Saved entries

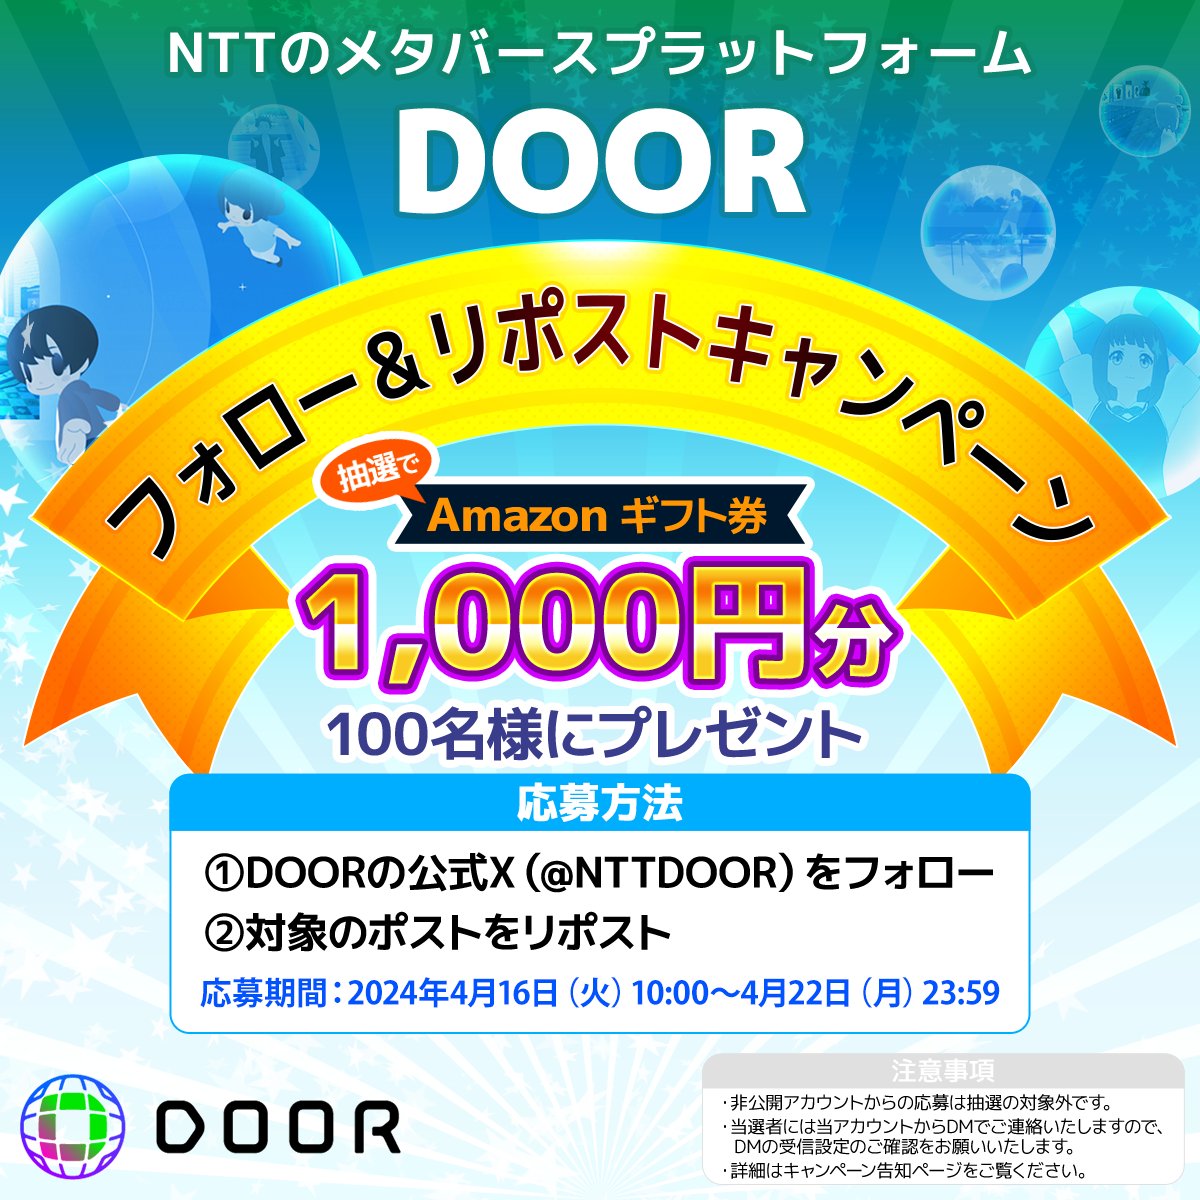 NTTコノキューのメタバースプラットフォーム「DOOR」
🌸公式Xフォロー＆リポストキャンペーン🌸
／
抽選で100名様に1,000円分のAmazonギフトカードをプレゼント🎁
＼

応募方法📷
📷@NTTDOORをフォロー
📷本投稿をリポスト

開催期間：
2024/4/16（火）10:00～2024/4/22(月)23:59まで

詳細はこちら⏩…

-- WORK ITEM --
Above are records with pictures; repeat them exactly, but without the pictures.

-- REPLY --
 NTTコノキューのメタバースプラットフォーム「DOOR」
🌸公式Xフォロー＆リポストキャンペーン🌸
／
抽選で100名様に1,000円分のAmazonギフトカードをプレゼント🎁
＼

応募方法📷
📷@NTTDOORをフォロー
📷本投稿をリポスト

開催期間：
2024/4/16（火）10:00～2024/4/22(月)23:59まで

詳細はこちら⏩…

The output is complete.